Horror: Vincent (1982, Tim Burton)

Vincent (1982)
USA, 6 min

Directed by: Tim Burton
Written by: Tim Burton
Starring: Vincent Price (voice)

Vincent (1982) isn't the sort of film that you'd expect to come out of Walt Disney Productions, but it's exactly what you'd expect from Tim Burton. The director's first success, this six-minute animated short is both an affectionate tribute to the acting career of Vincent Price, and a vehicle for Burton's perverse sense of black humour. Vincent Malloy is a seven-year-old boy with an unhealthy obsession with the actor who shares his name, such that he actively wishes to become Vincent Price – or, more accurately, the range of characters that Price so memorably brought to the silver screen. Via increasingly-ghoulish flights of imagination, young Vincent envisages mutating his dog into a zombie henchman, dipping his auntie into hot wax, and attempting to dig up the totting corpse of his dead wife. Unfortunately, I'm not familiar enough with Price's body of work to spot all the references, but I'm fairly certain that among the movies Burton had in mind were House of Wax (1953), House of Usher (1960), The Last Man on Earth (1964) and, of course, The Raven (1963).
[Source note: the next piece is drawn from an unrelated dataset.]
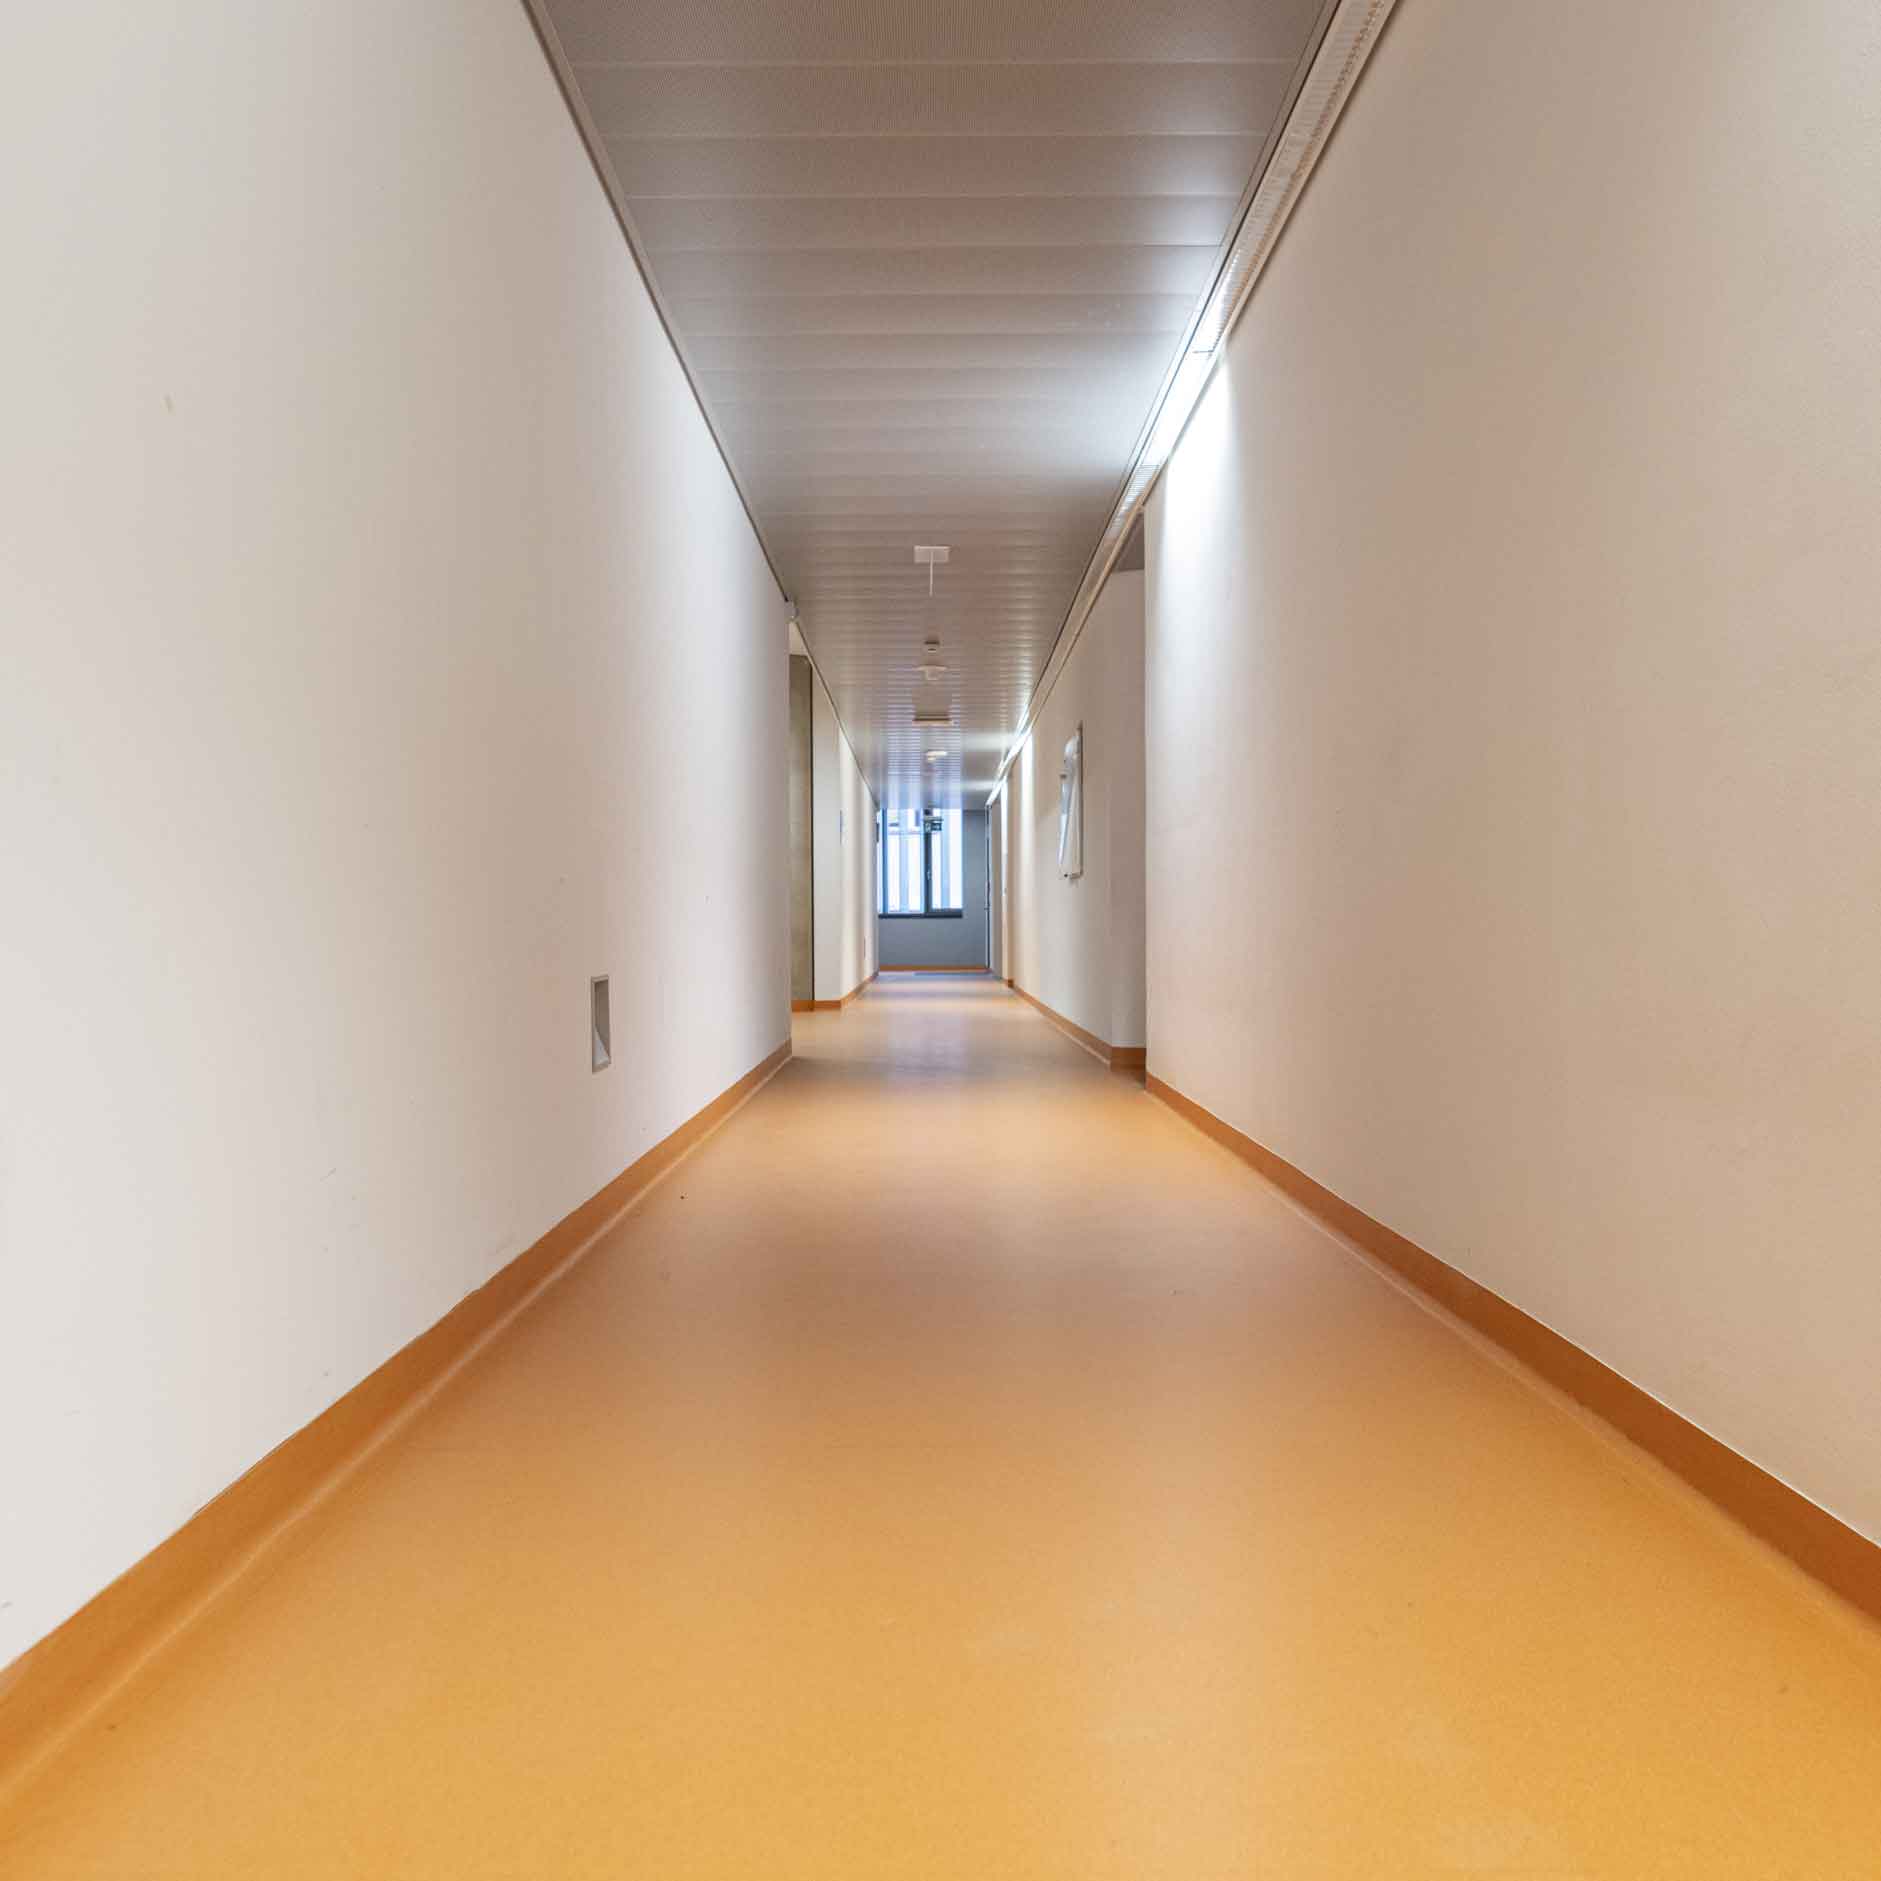 Bild zeigt Boden nach Kunststoffbodensanierung im Gang er Universität Graz.

The film is animated in a style reminiscent of 1920s German Expressionism, with the continually-shifting walls and furniture serving to convey Vincent's escalating madness. A definite stylistic inspiration would also have been Ted Parmelee's The Tell-Tale Heart (1953), an excellent animated short film (based on Edgar Allen Poe's short story) that utilised Expressionism to emphasise the insanity of its narrator, voiced by James Mason. But Tim Burton goes one better than James Mason, employing the services of Vincent Price himself, who considered the film one of the most memorable tributes he'd ever received. Price narrates the story as a poem, in a manner than suggests the work of Dr. Seuss, but was probably aiming more to emulate Poe's "The Raven," the final lines of which is used to close the story. Like Poe's protagonists in both "The Raven" and "The Tell-Tale Heart," young Vincent is left at the whim of his insanity, offered little opportunity for redemption or resolution. If you can handle Burton's macabre sense of humour, then this is a gem.